• DESCRIPTION OF THE TASK: Only one span of the material below is wanted. Output it exactly, from the line with "6 American Portable" through the line with "Pygmalion explores Bernard Shaw’s idea essay", without any pictures.

• DATASET RECORDS:
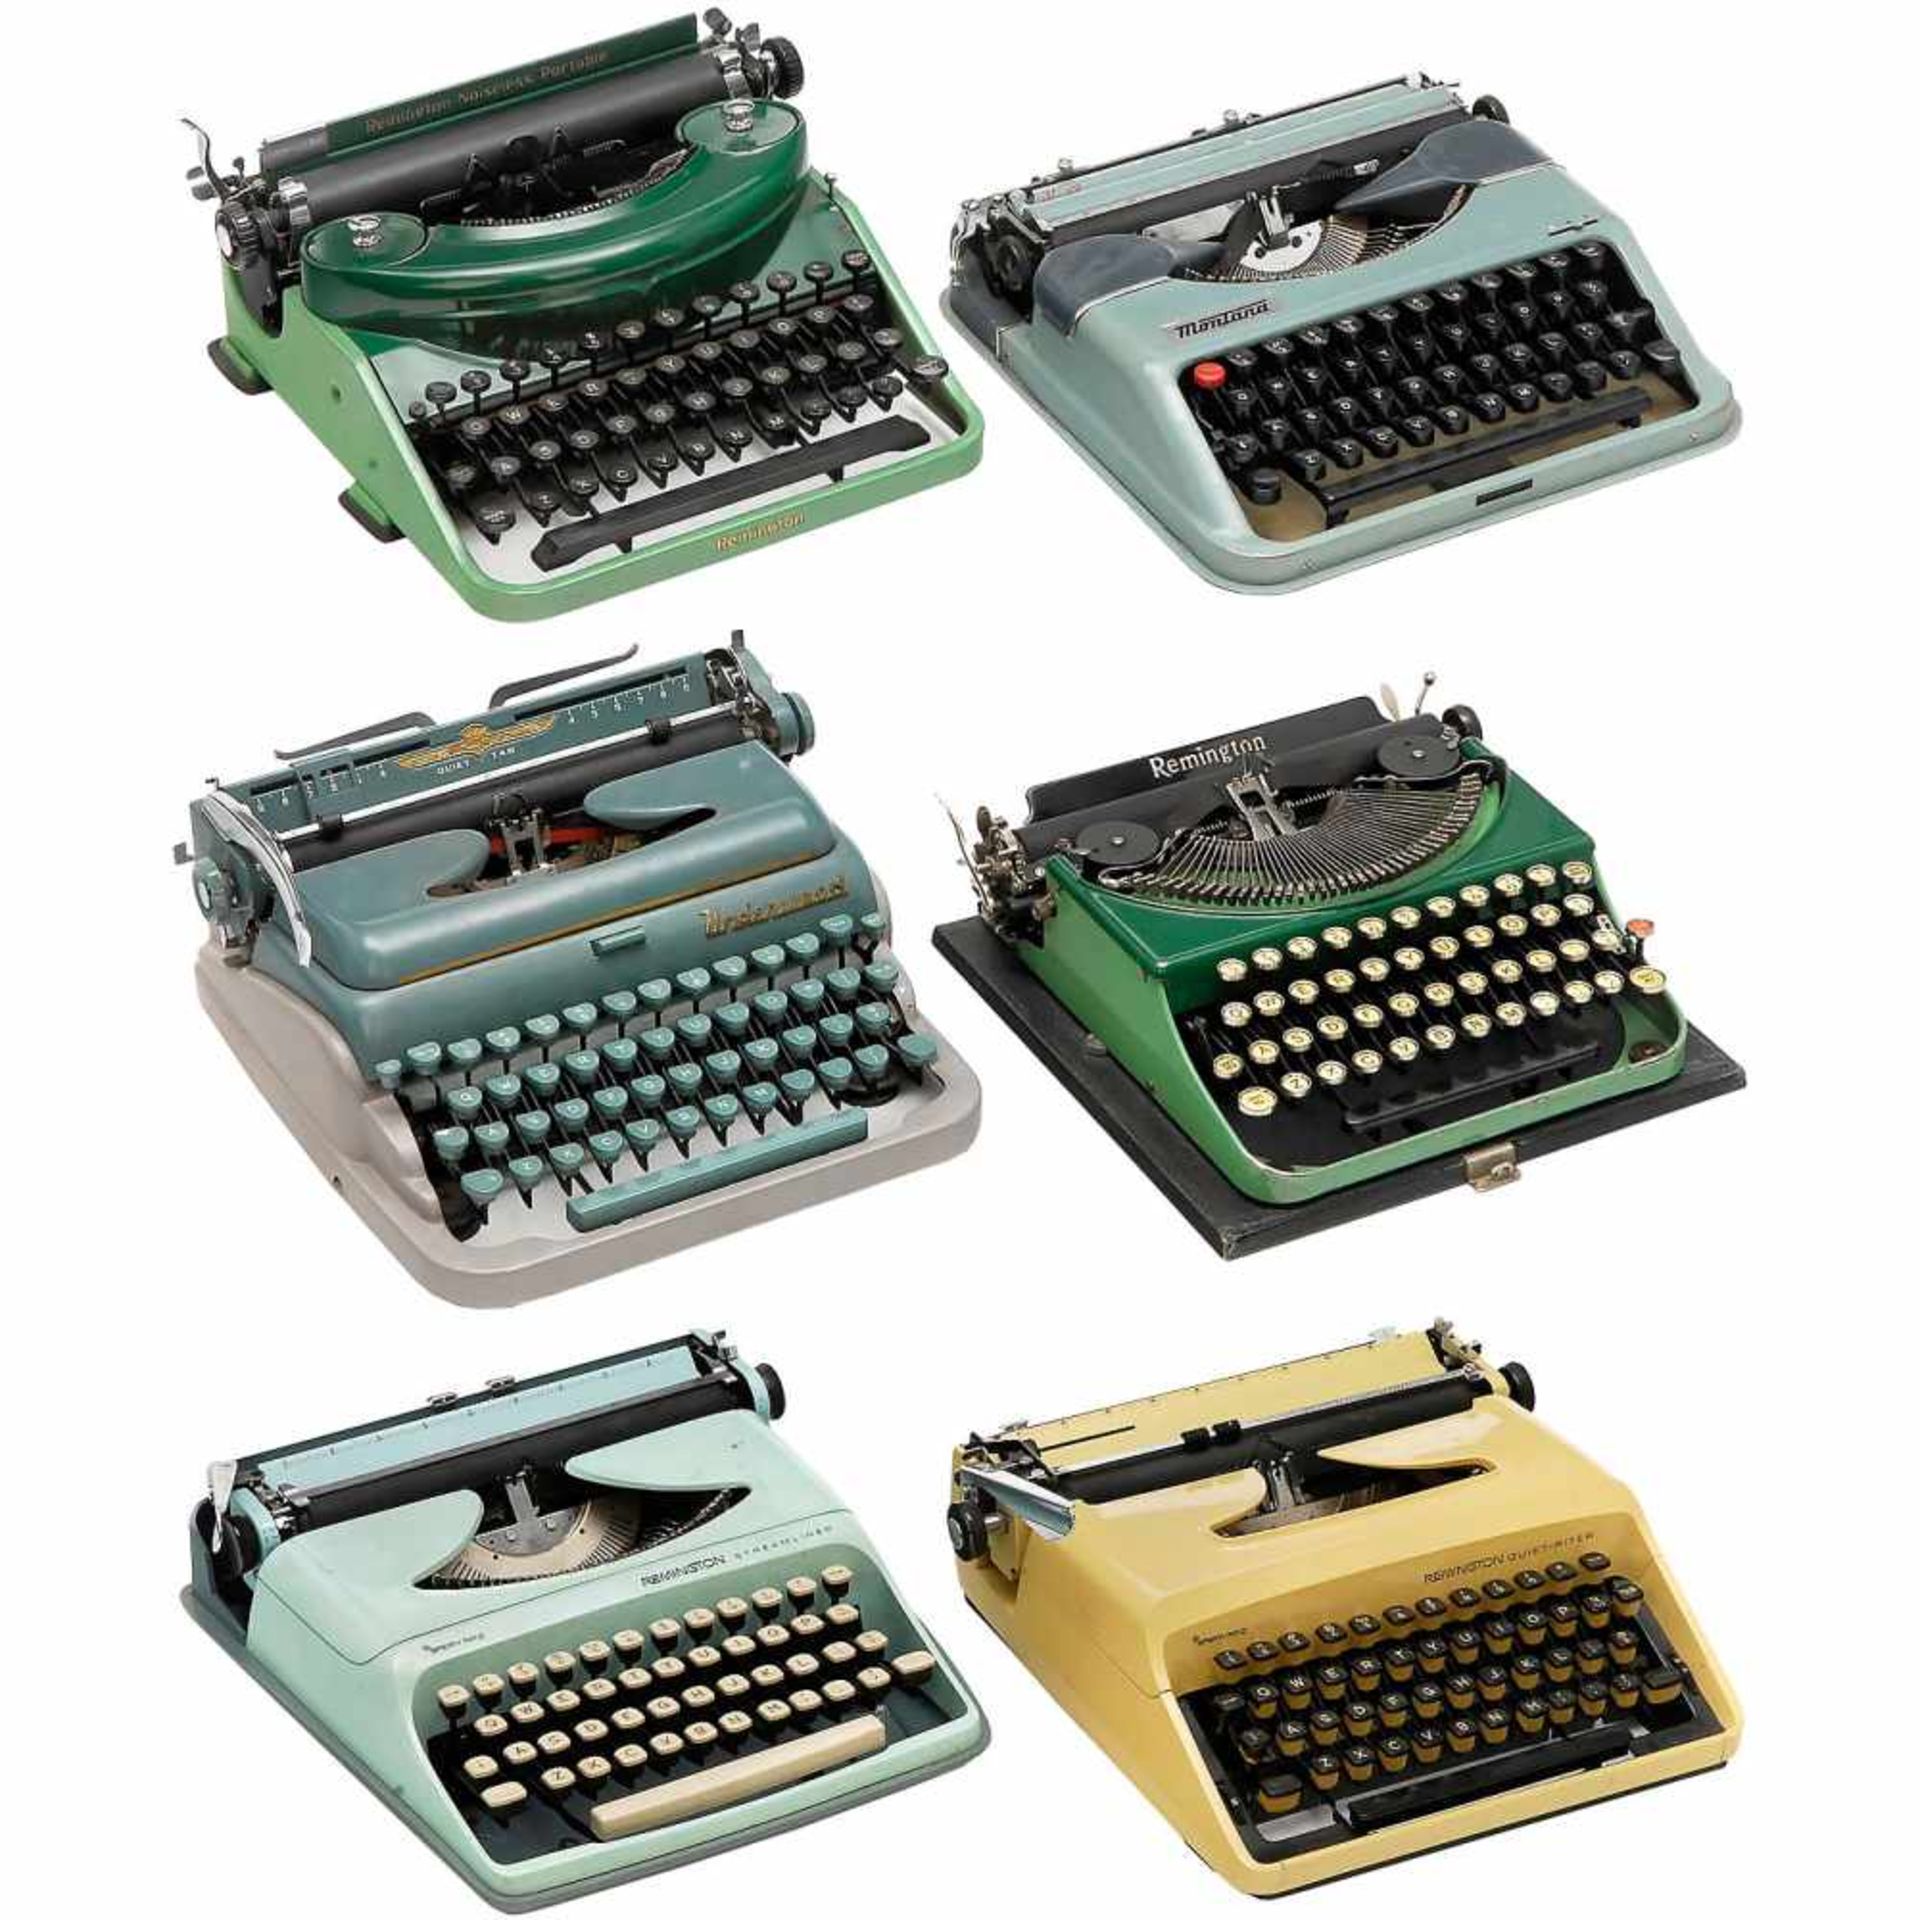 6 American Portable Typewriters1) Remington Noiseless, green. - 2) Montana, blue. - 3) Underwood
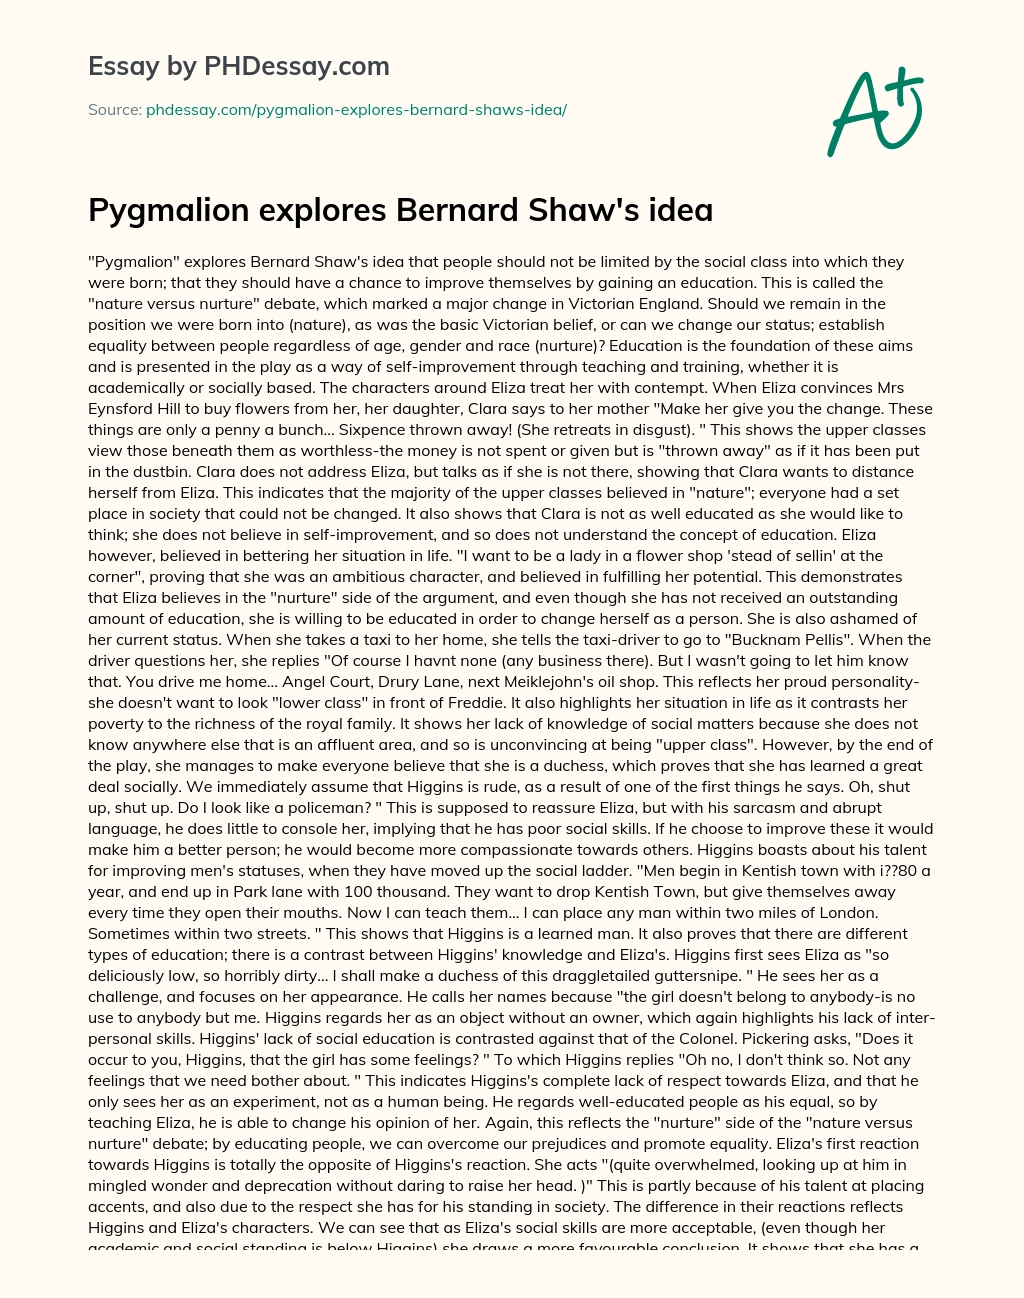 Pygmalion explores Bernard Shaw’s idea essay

...

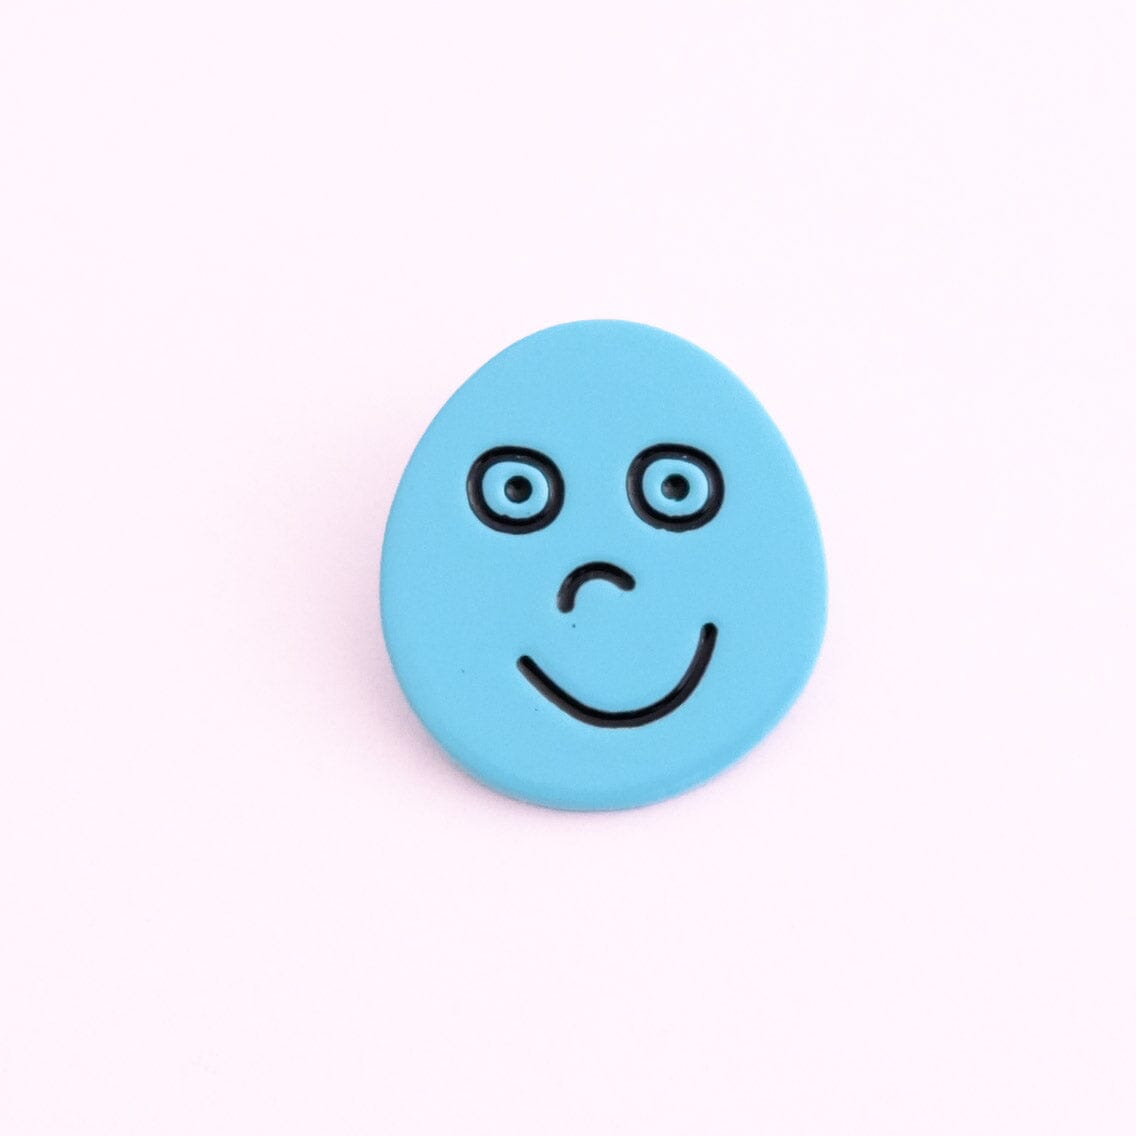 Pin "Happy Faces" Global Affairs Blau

• TASK RESULT:
 6 American Portable Typewriters1) Remington Noiseless, green. - 2) Montana, blue. - 3) Underwood
 Pygmalion explores Bernard Shaw’s idea essay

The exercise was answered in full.